> **TASK BRIEF**
Return the complete listing exactly as it reads, with each picture removed.

> **THE DATA**
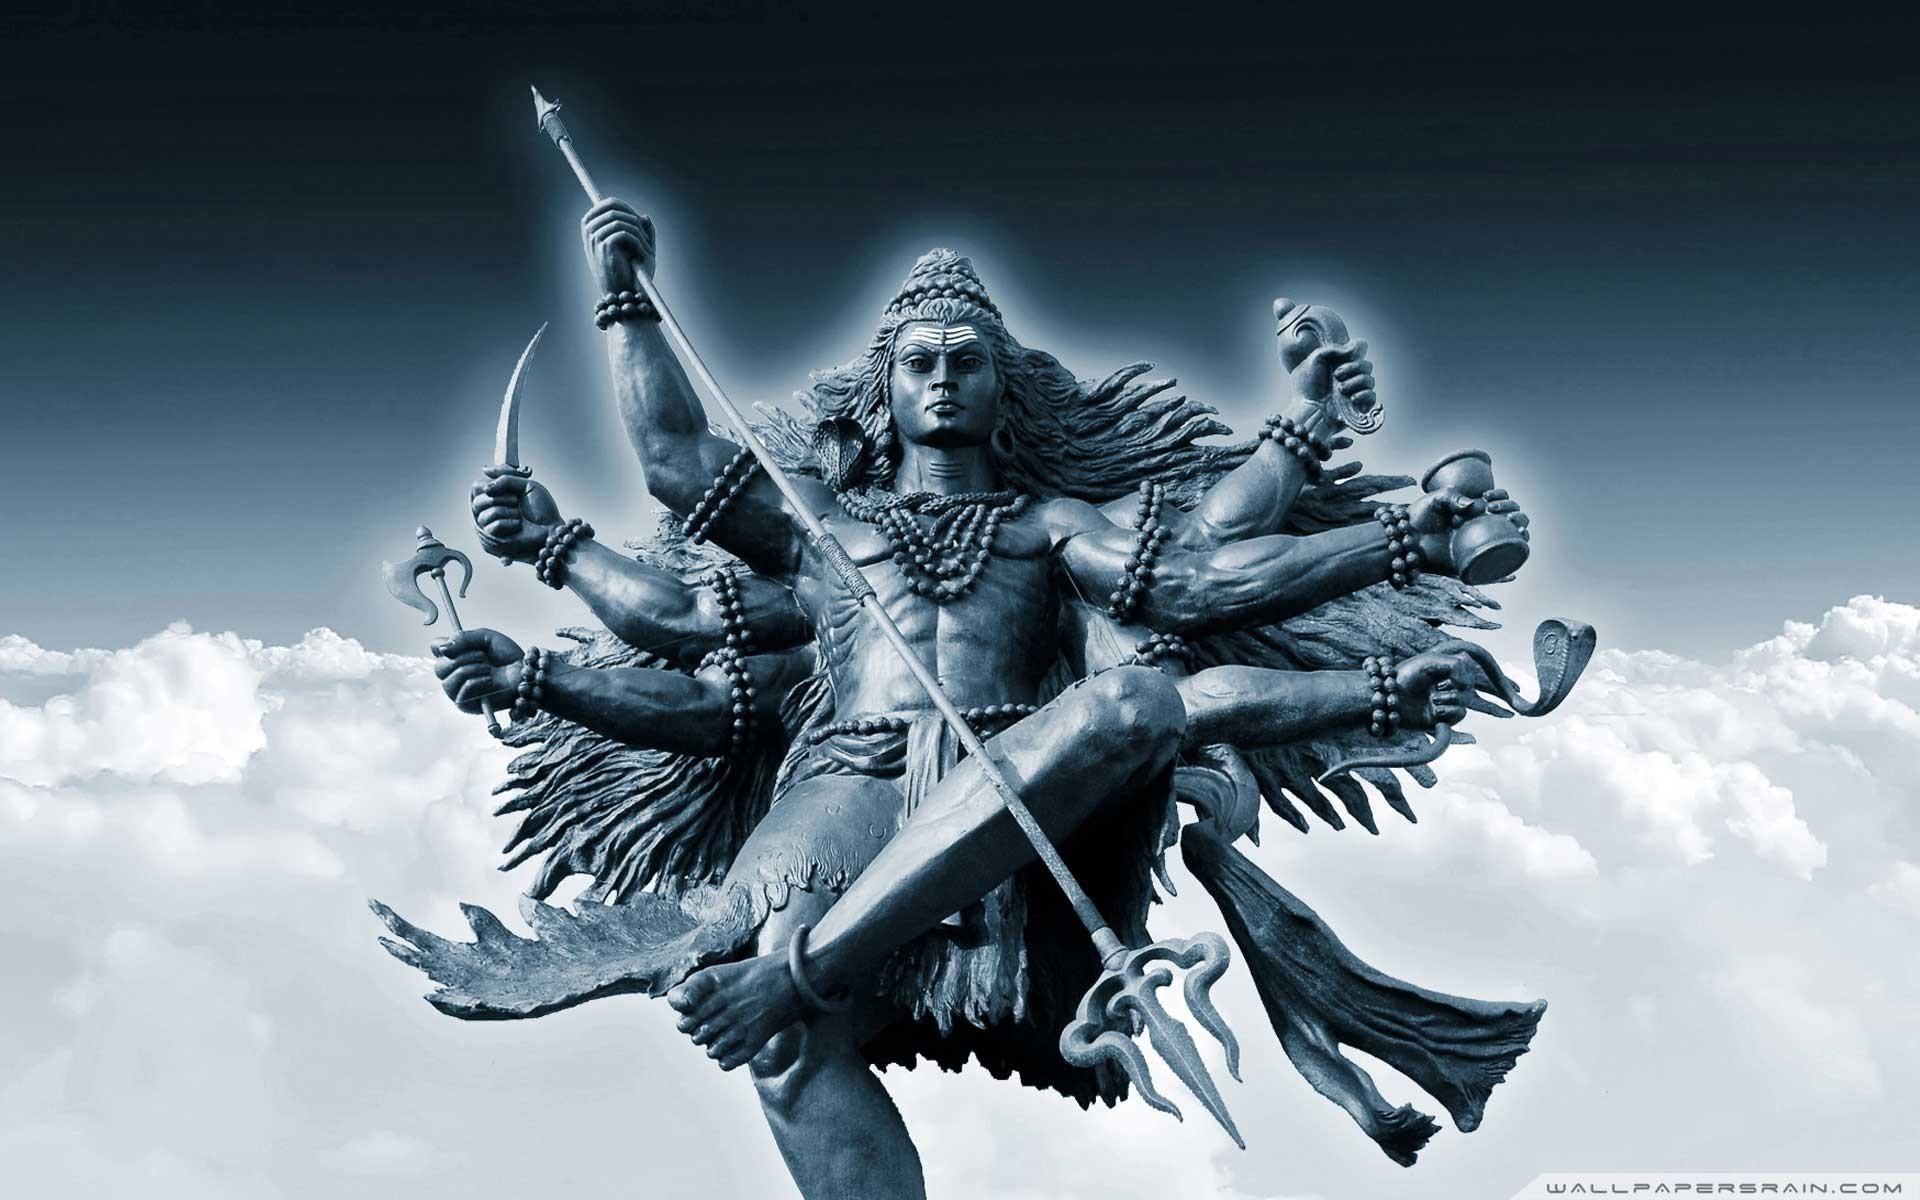 Shiva Smoking Chillum Hd Wallpaper Shiv Photo Wallpapers 66 Images
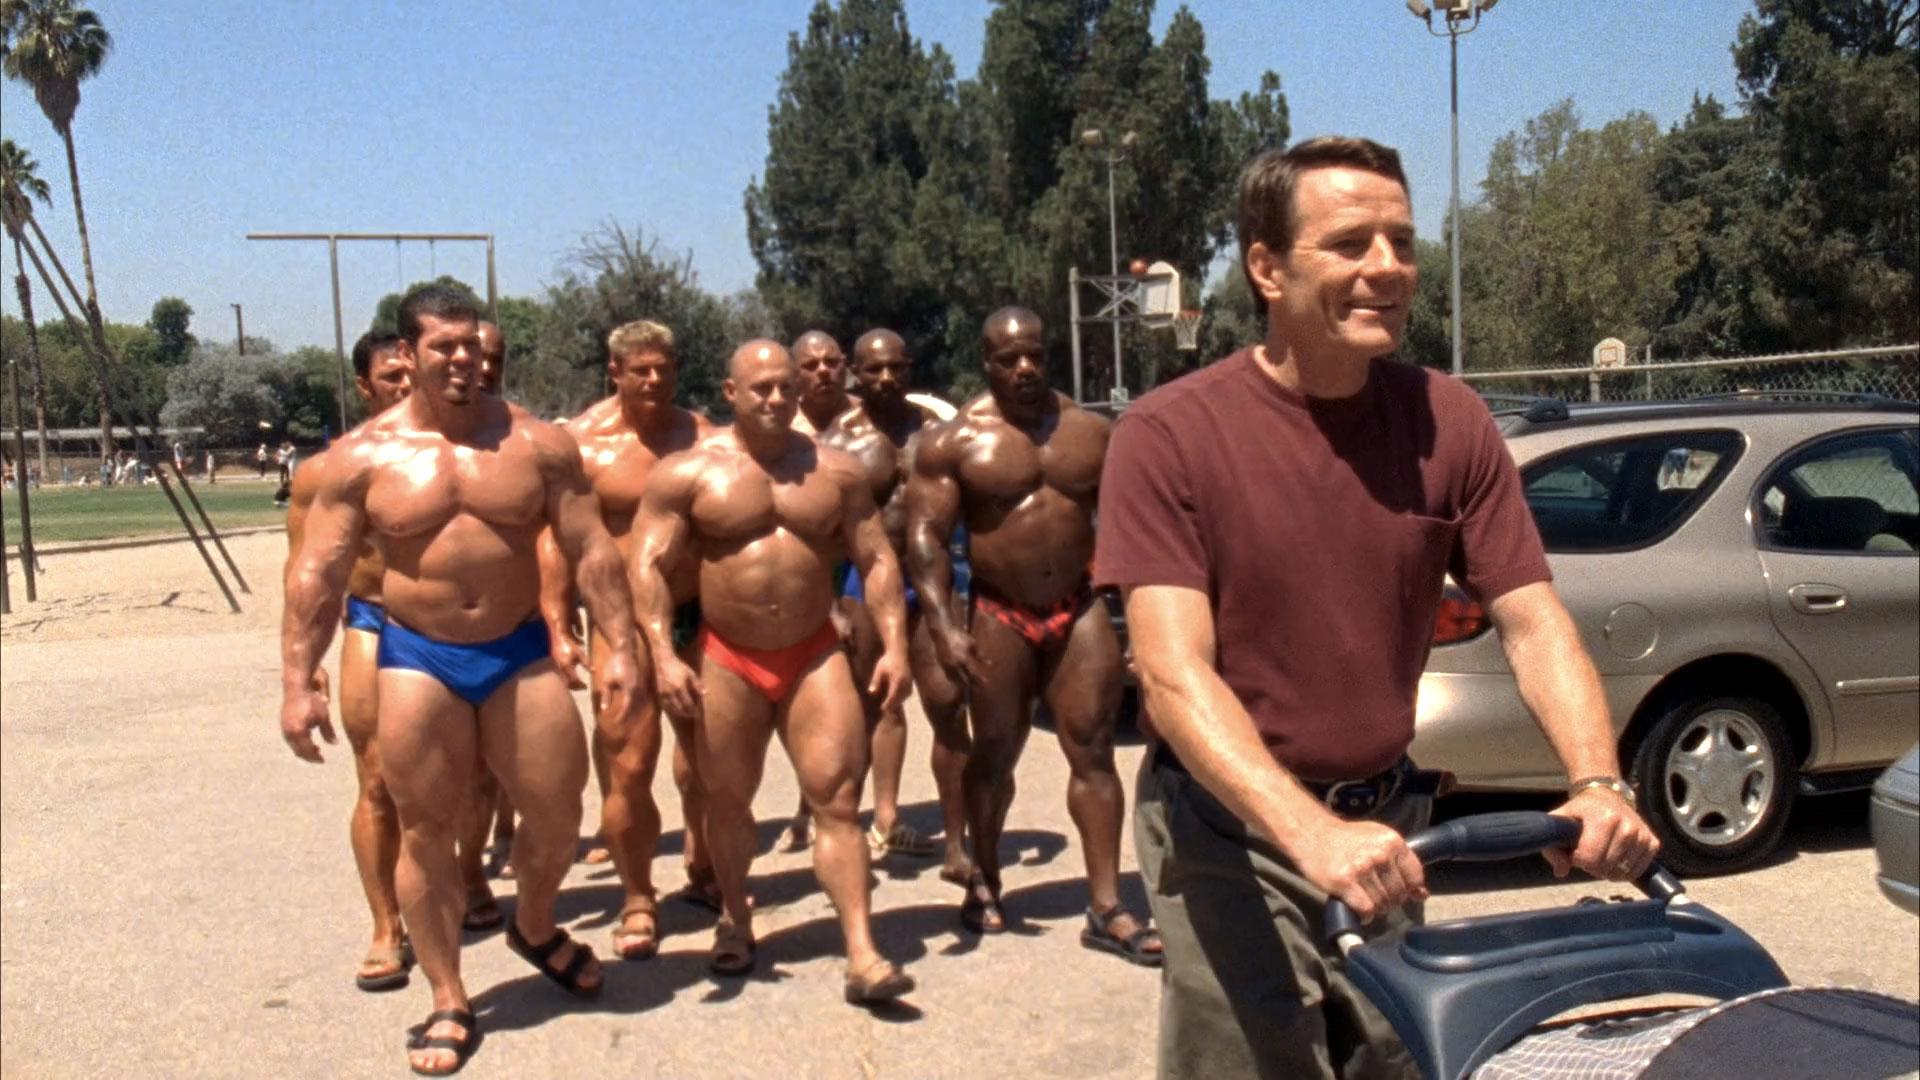 Bob Cicherillo (Walt), Aaron Brumfield (bodybuilder #1),  Rich Piana (bodybuilder #2), Mariano 'Big Dawg' Mendoza (bodybuilder #2 (non crédité)), Christian Boeving (non crédité) et Bryan Cranston (Hal) dans
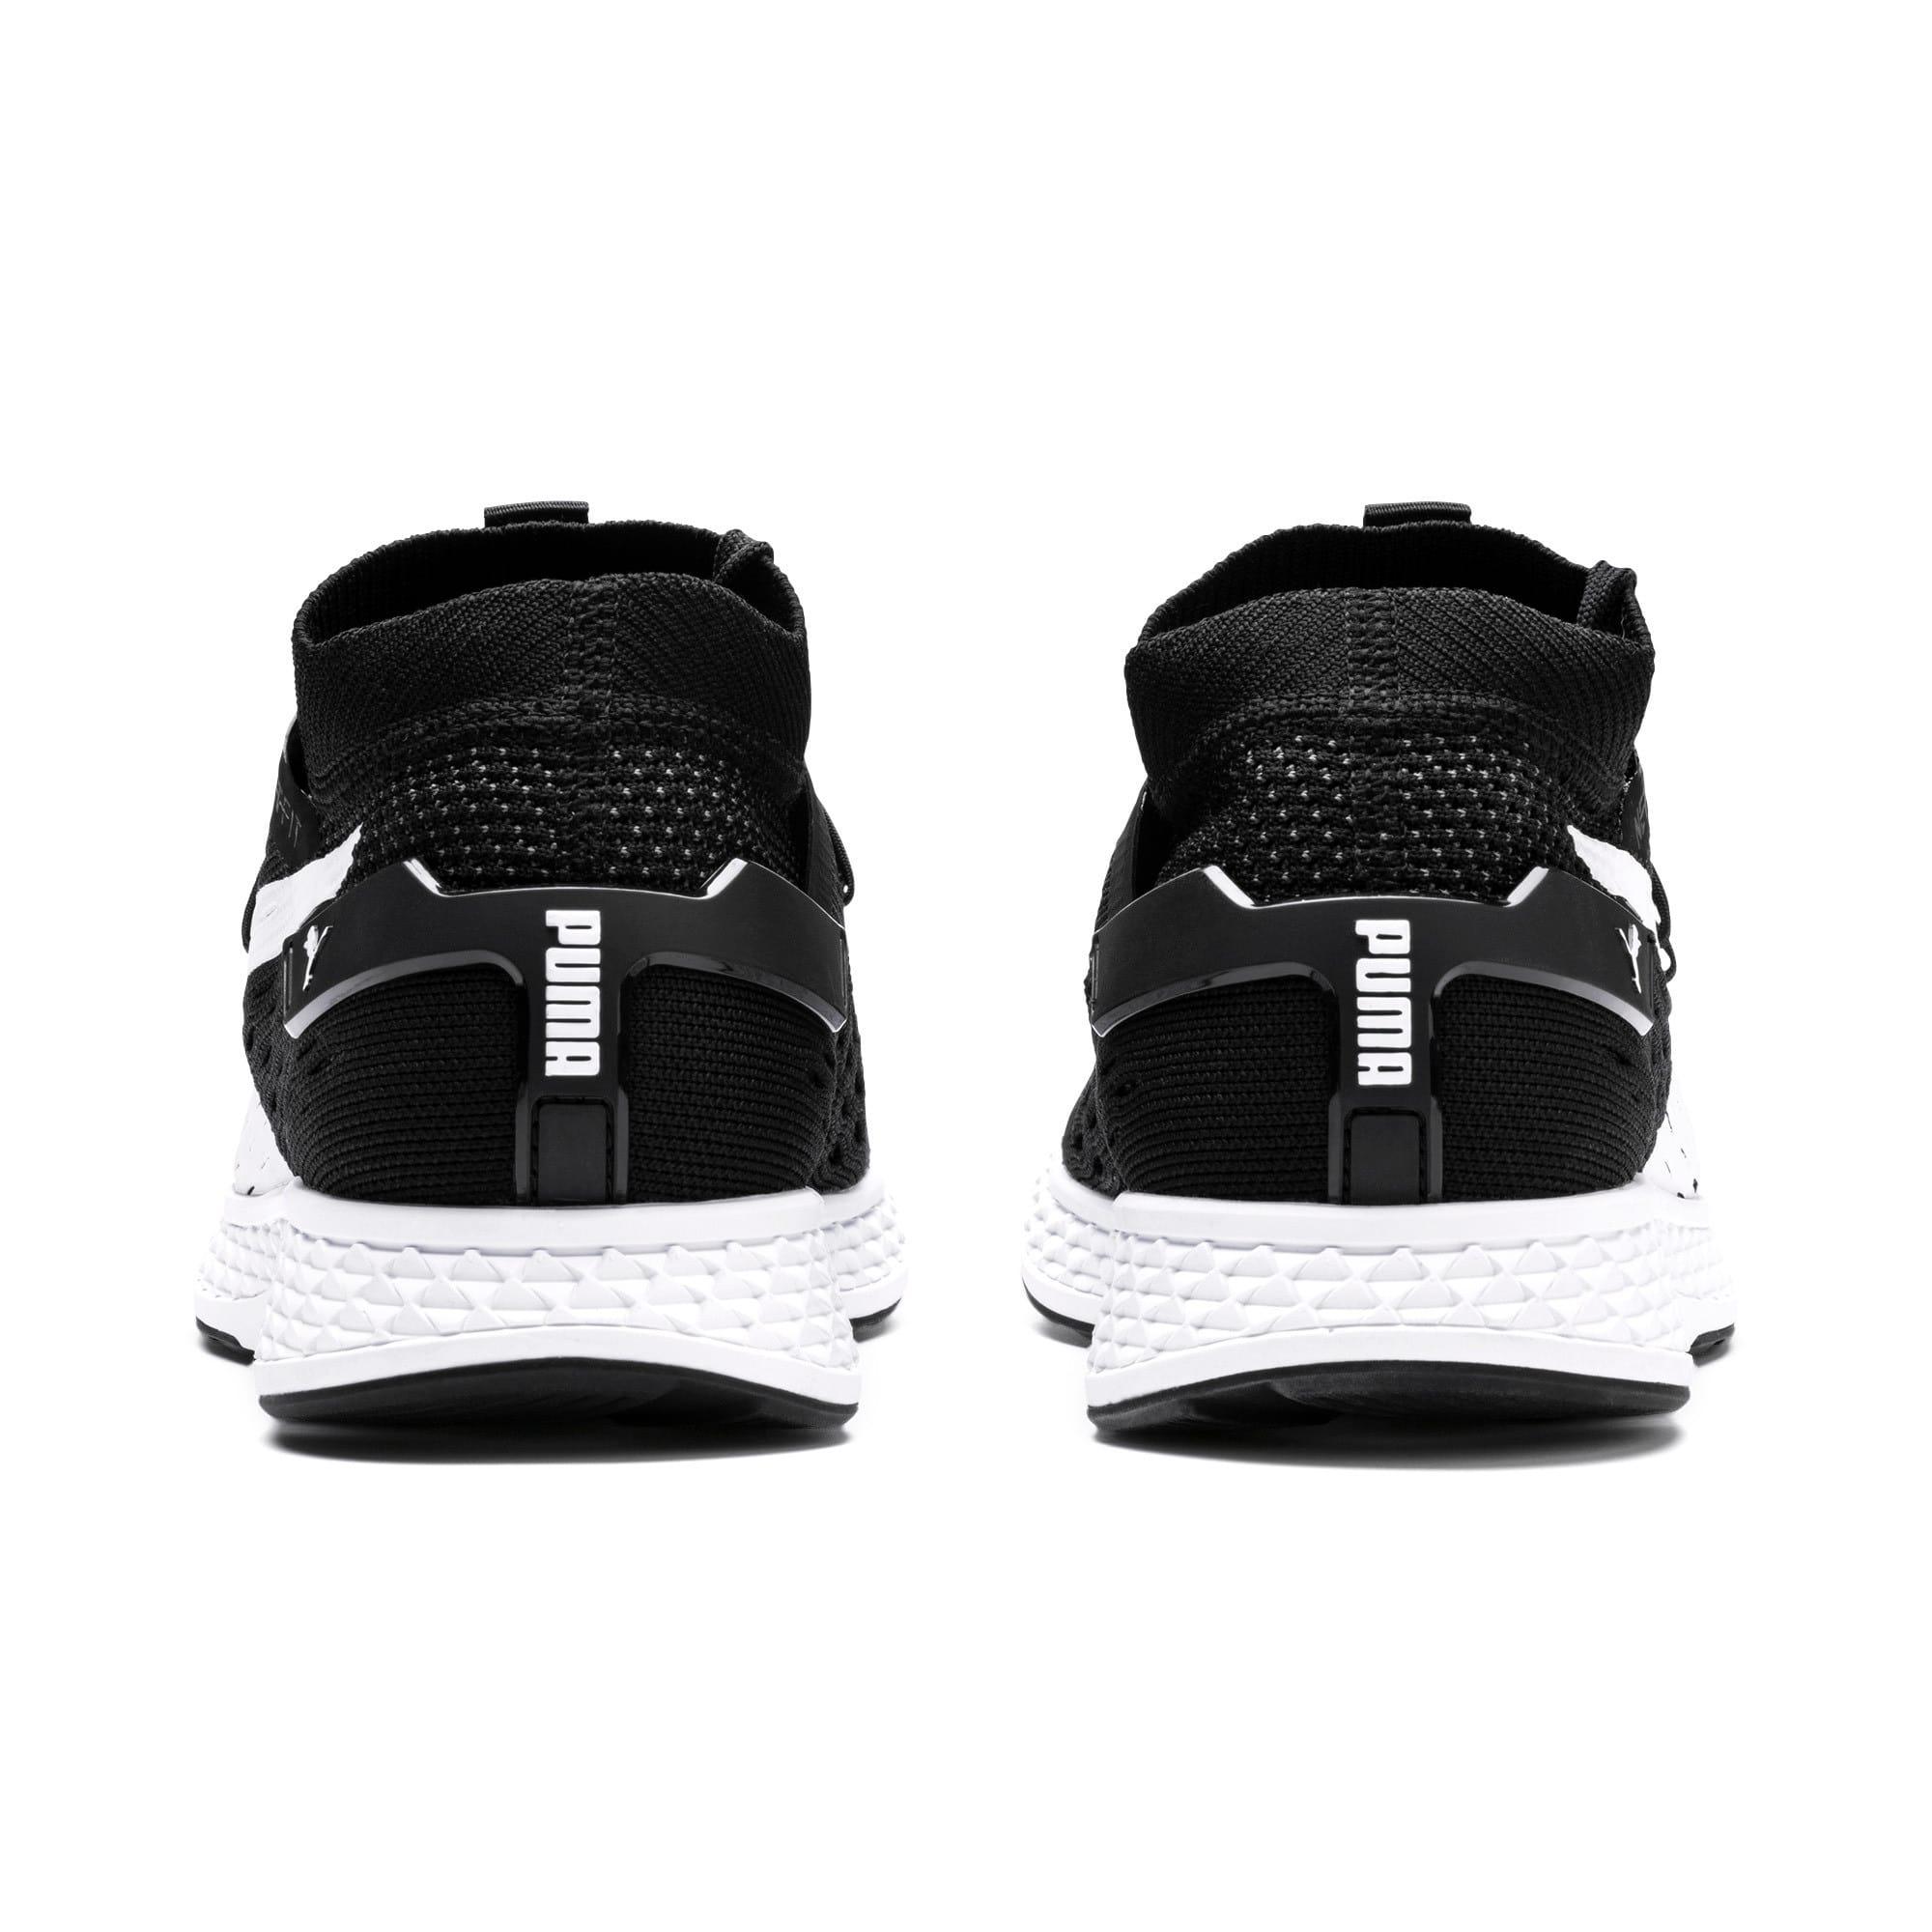 Thumbnail 4 of SPEED 500 Men's Running Shoes, Puma Black-Puma White, medium

> **SOLUTION TO THE PROBLEM**
 Shiva Smoking Chillum Hd Wallpaper Shiv Photo Wallpapers 66 Images
 Bob Cicherillo (Walt), Aaron Brumfield (bodybuilder #1),  Rich Piana (bodybuilder #2), Mariano 'Big Dawg' Mendoza (bodybuilder #2 (non crédité)), Christian Boeving (non crédité) et Bryan Cranston (Hal) dans
 Thumbnail 4 of SPEED 500 Men's Running Shoes, Puma Black-Puma White, medium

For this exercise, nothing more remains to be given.